+++ RECORDS SUPPLIED

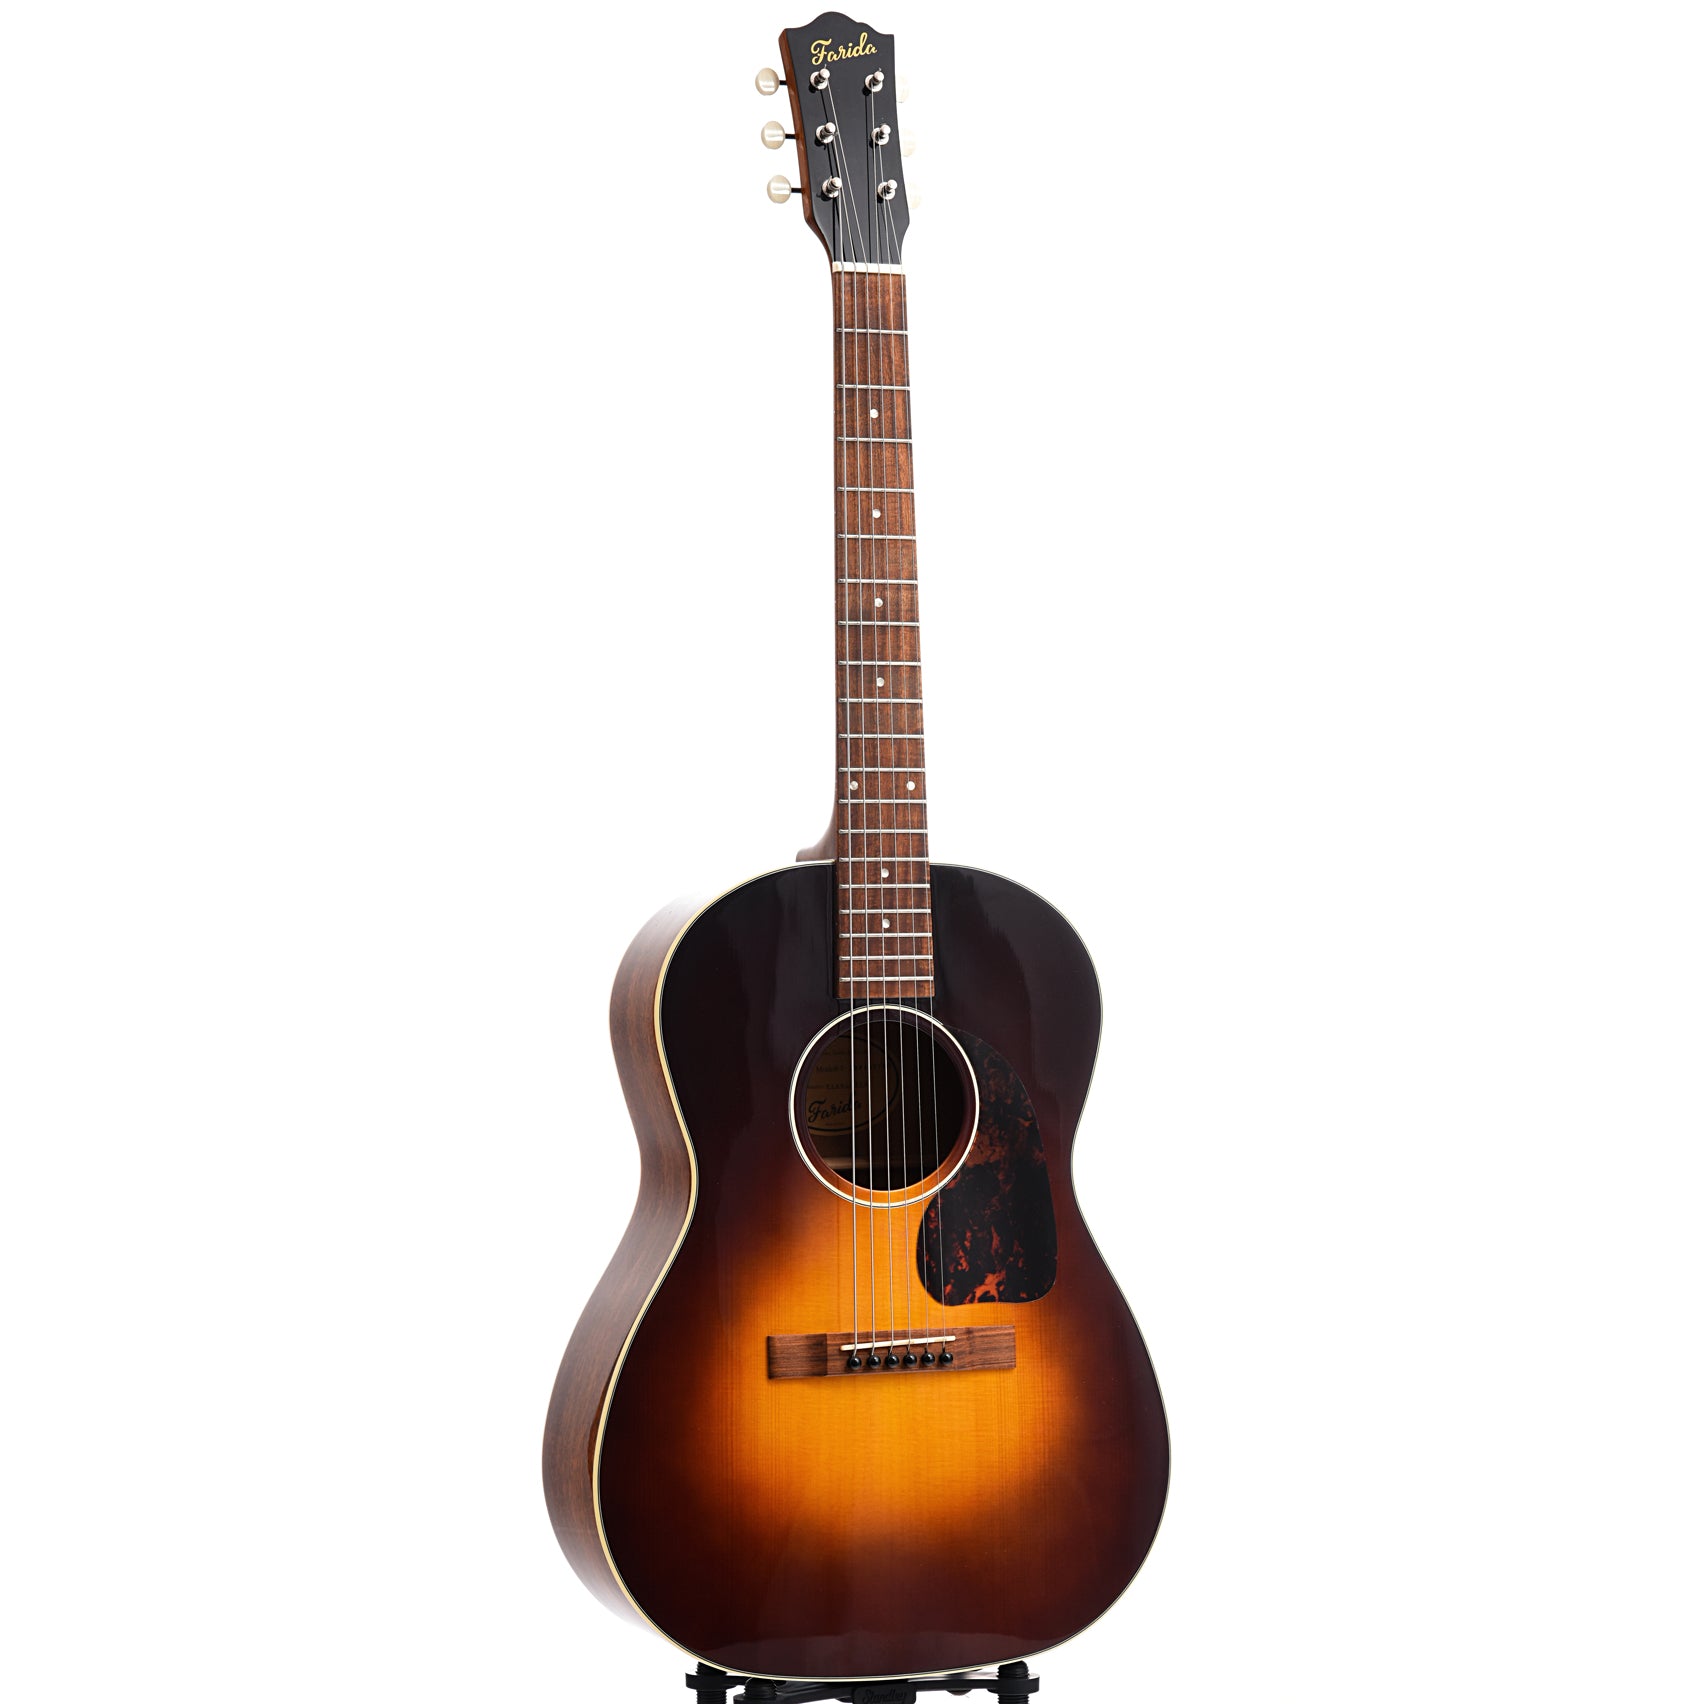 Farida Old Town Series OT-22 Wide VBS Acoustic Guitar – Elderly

++++++
+++ RECORDS SUPPLIED

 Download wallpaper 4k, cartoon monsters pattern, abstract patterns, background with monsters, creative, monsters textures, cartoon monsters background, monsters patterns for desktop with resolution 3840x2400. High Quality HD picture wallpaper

++++++
+++ RECORDS SUPPLIED

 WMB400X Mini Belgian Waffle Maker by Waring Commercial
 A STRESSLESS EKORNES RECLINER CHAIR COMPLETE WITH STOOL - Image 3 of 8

++++++

* TASK REQUIREMENTS
Go to the line with "WMB400X Mini Belgian" in the entries above and repeat every line from there through the line with "A STRESSLESS EKORNES", exactly and with no other text.

* EXPECTED ANSWER
 WMB400X Mini Belgian Waffle Maker by Waring Commercial
 A STRESSLESS EKORNES RECLINER CHAIR COMPLETE WITH STOOL - Image 3 of 8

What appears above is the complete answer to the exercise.